Okay. Let’s do this…

Let’s set a foundation for our (or my :sweat_smile:) terms. By consciousness I mean the thing that is not “you”. Not the fake you.

Who are “you”? That gets into the concept of labels. You might go by the name of (just as a random example - I know no one by this name) Gregory Smith. You live in Chester Pennsylvania, work as a car salesman, and are 32 years old. All of these descriptors or identifiers are mere labels you attach to the physical form/corporeal entity that you identify as yourself. This is the fake person.

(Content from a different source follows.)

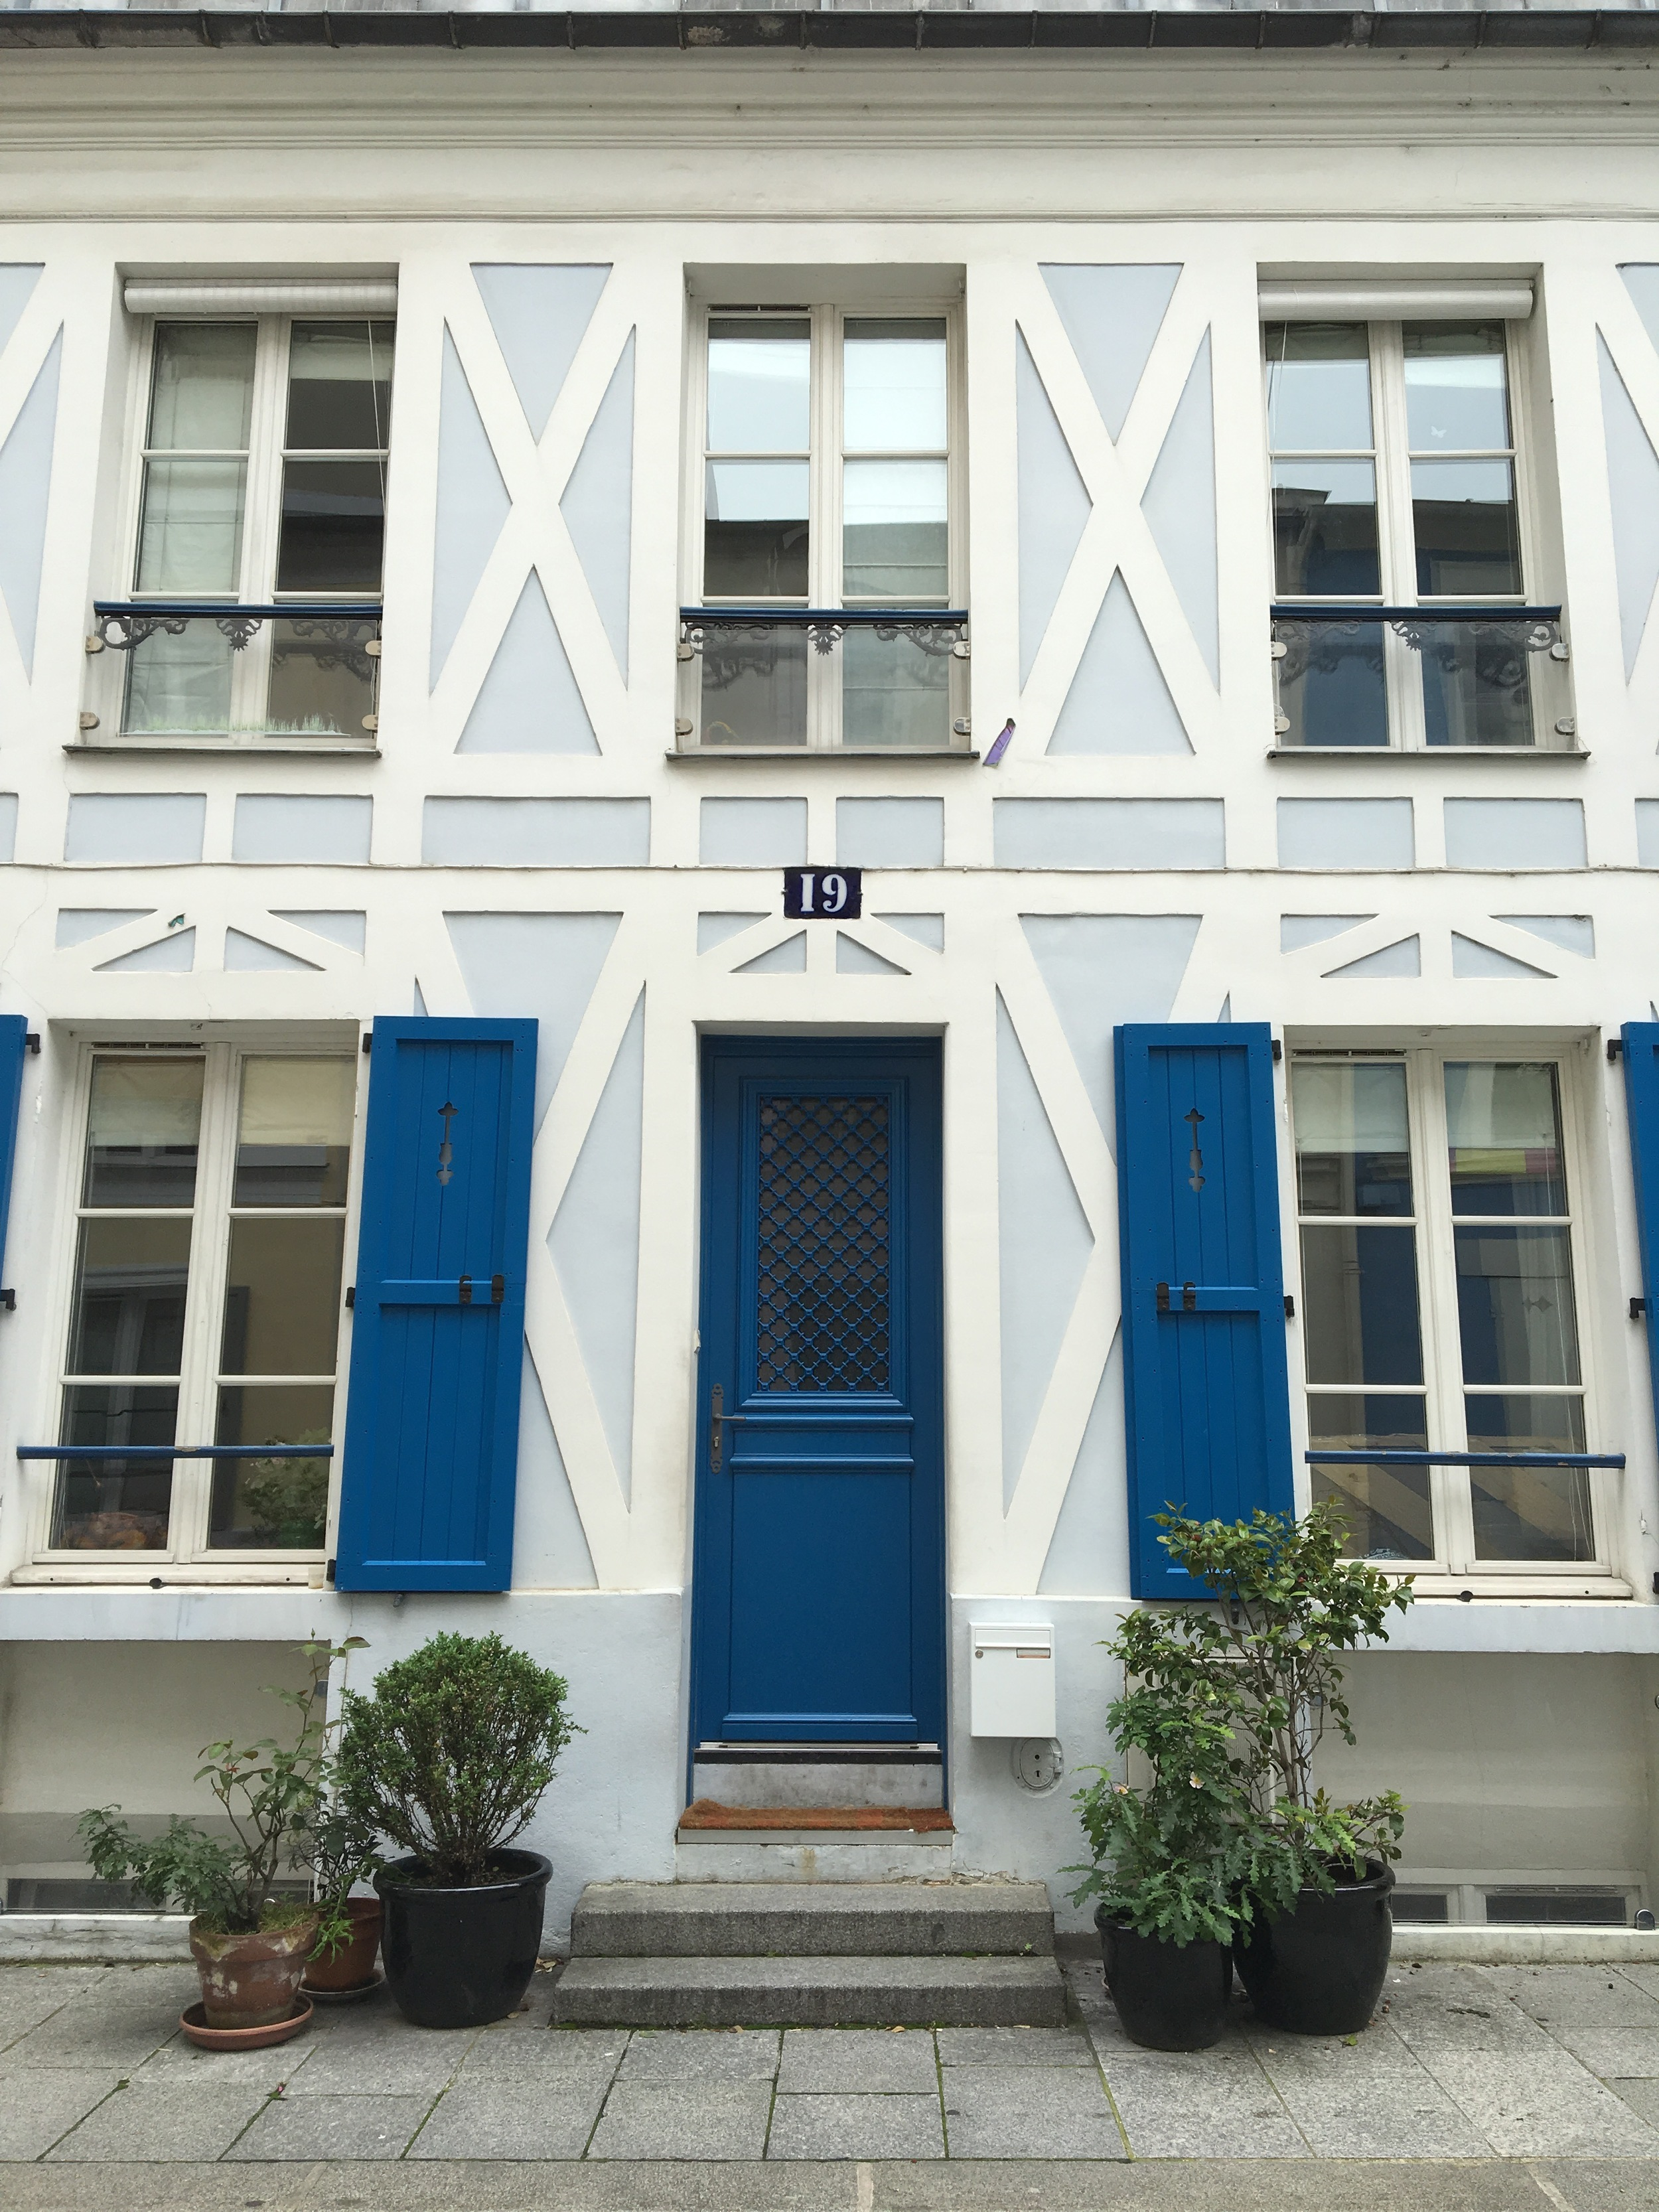 Dream house #3

The real you is where consciousness comes in. You’re the thing that observes the existence of (this) Gregory Smith (if that were your label). It can get more in-depth than this, but this is about the simplest way I can explain it. While a physical form can be limited and will stop existing one day - your consciousness will continue. Or, that’s a prevailing concept when delving into such subjects.

You (Heisenberg) are at least aware of the concept of alternate or past lifetimes. Wondering (and correct me if I’m wrong) if there are lessons that are to be learned while we’re here in our present physical forms. But also wondering what the point is if you can’t remember what was… Or might’ve been.

Perhaps we are spared the burden of memories of past lives so as to start fresh. I’ve asked myself a few times in the past; “I wonder what I had planned to do before I came here to exist as the person I am now?” I would believe that having a backlog of past life memories would be completely overwhelming. Only when we’re freed from our physical limitations might we recall everything.

But what is the point? That’s about as close to the question of “What’s the meaning (or purpose) of life?”

I’m not sure what else to say at this point…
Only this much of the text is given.